Carlisle native Emma Kaufman presented her research on the rise of all-foreign prison systems in the United Kingdom and the United States in “Prisons Built to Expel,” part of the Clarke Forum for Contemporary Issues’ new initiative, Leadership in an Age of Uncertainty.

Kaufman is a current researcher for the University of Oxford Border Criminologies Project. During her talk she explained the importance of the rise of the “all-foreign” prison system as well as its implications on the purpose of prisons. The event was held on Monday, Feb. 15 in Stern Center. It was co-sponsored by the Churchill Fund.

Kaufman spoke in depth about immigrant incarceration in the U.K. and the U.S. Kaufman then highlighted the fact that the number of prisoners in both the U.S. and the U.K. has increased drastically over the past 40 wyears, mainly due to a change in criminal prosecutions. Whereas traditionally illegal entry into the U.S. resulted in deportation, it has now become a criminal offense that results in incarceration in a federal prison.

For the past 15 years, both the British and American prison systems have worked with border control agencies to make penal institutions new sites of immigration enforcement. She reported that 11 percent of the prison population was a non-citizen in the British prison system, and almost 22 percent were foreign nationals in the United States. Britain currently maintains 10 “Criminal Alien Requirement” (CAR) prisons, compared with 14 in the US.

Kaufman noted that public information is much more available about the prison systems in Britain, but investigations of CAR prisons in the U.S. reveal that inmates are subject to abuse, mistreatment and discrimination by agents with the Bureau of Prisons (BOP). CAR facilities in the U.S. are also more likely than other prisons to be operated by for-profit contracting companies.

Kaufman is the author of Punish and Expel: Border Control, Nationalism and the New Purpose of the Prison, which synthesizes 14 months of research inside maximum and minimum security British prisons. She explained that during her research it was important for her to regard the inmates she interviewed as people, rather than immigrants who are defined by their journeys to the U.K. She says her nationality was a crucial factor as well, because coming from the U.S. it was easier for her to navigate the prison systems.

Approximately 70 students, faculty and community members attended the evening, including President Nancy Roseman and the Churchills.

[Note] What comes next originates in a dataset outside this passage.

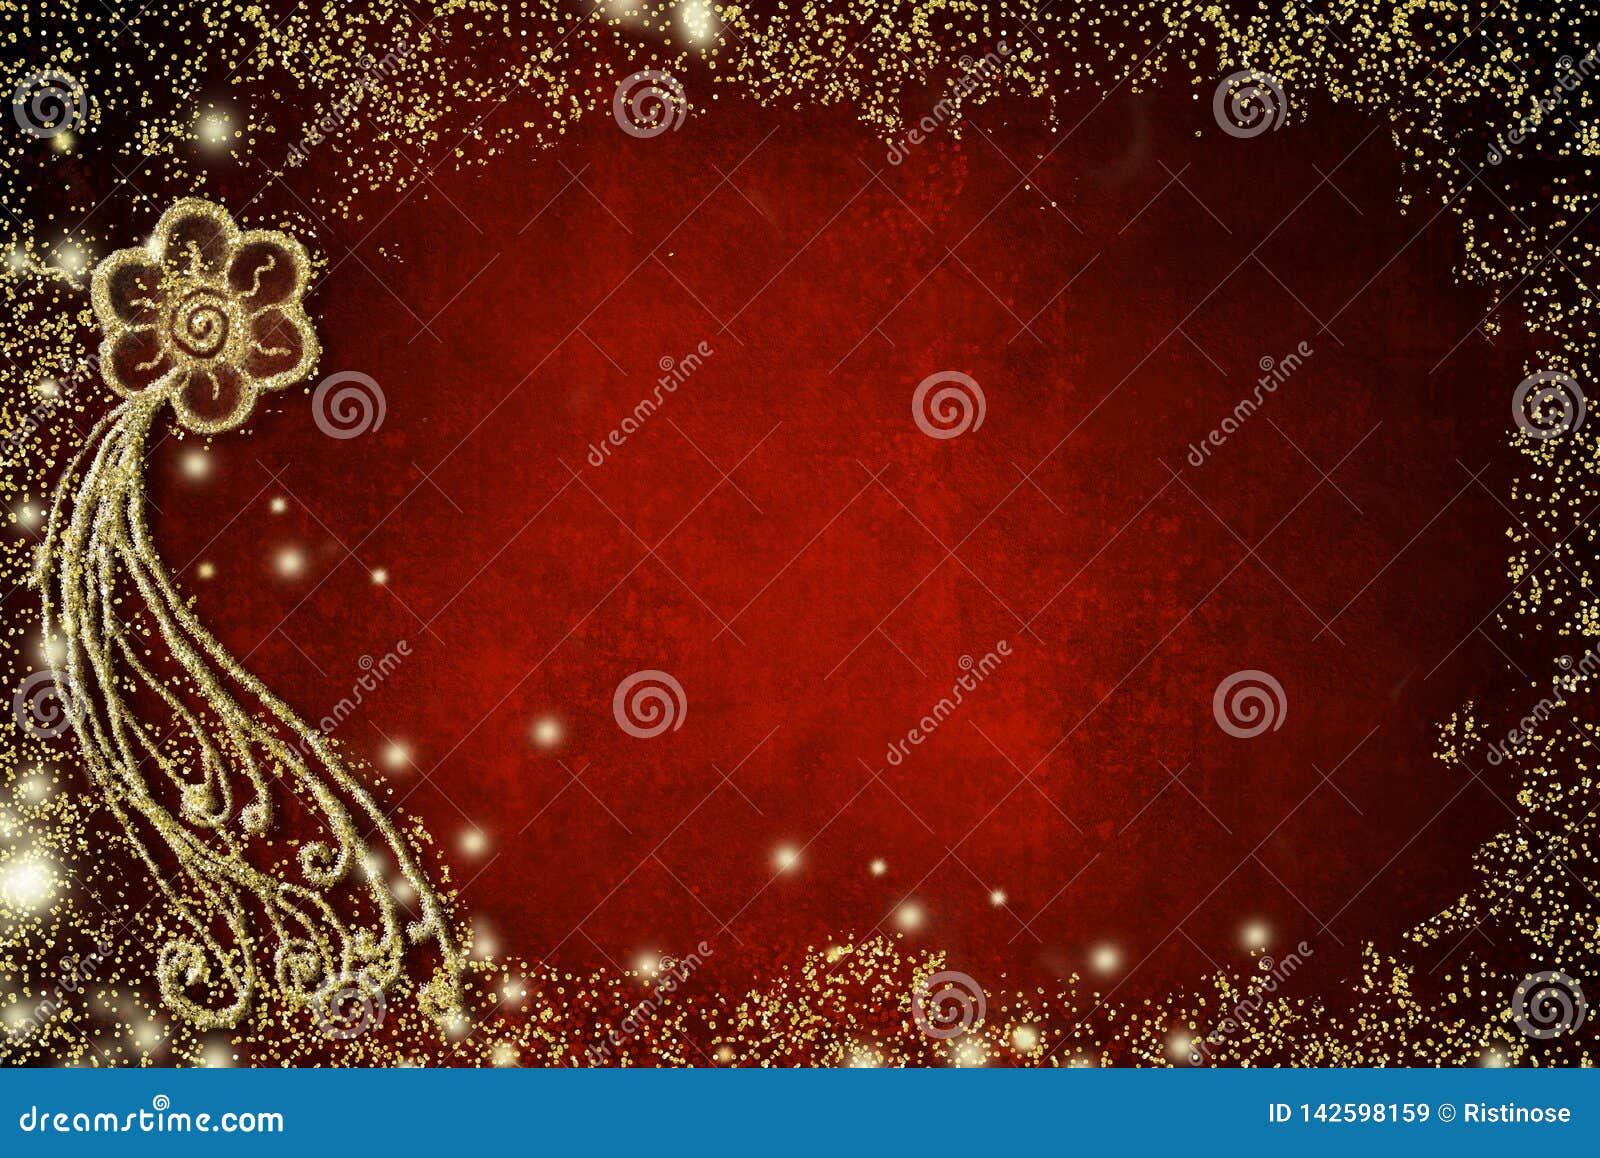 Υπόβαθρο για τις κάρτες εορτασμών Απλό λουλούδι. Υπόβαθρο για τις κάρτες εορτασμών Το απλό λουλούδι hand-drawn με χρυσό ακτινοβολεί στο κόκκινο υπόβαθρο εγγράφου grunge με το κενό διάστημα

During the question and answer session, Kaufman highlighted the fact that these “all-foreign” prisons are becoming part of the border agency. While the traditional purpose of the prison system is to punish the new system is aiming to expel the people it once wished to reincorporate into society.

Kaufman grew up in Carlisle and is a graduate of Carlisle High School. She received her bachelor’s degrees in Philosophy and Women’s and Gender Studies from Columbia University in 2008 and her M.Phil. in Criminology at the University of Oxford, where she was a Marshall Scholar. She completed her D.Phil. in Law at Oxford as a Clarendon scholar, and in 2015 graduated from Yale Law School with a J.D. She currently lives in Brooklyn and clerks for the United States District Court for the Southern District of New York.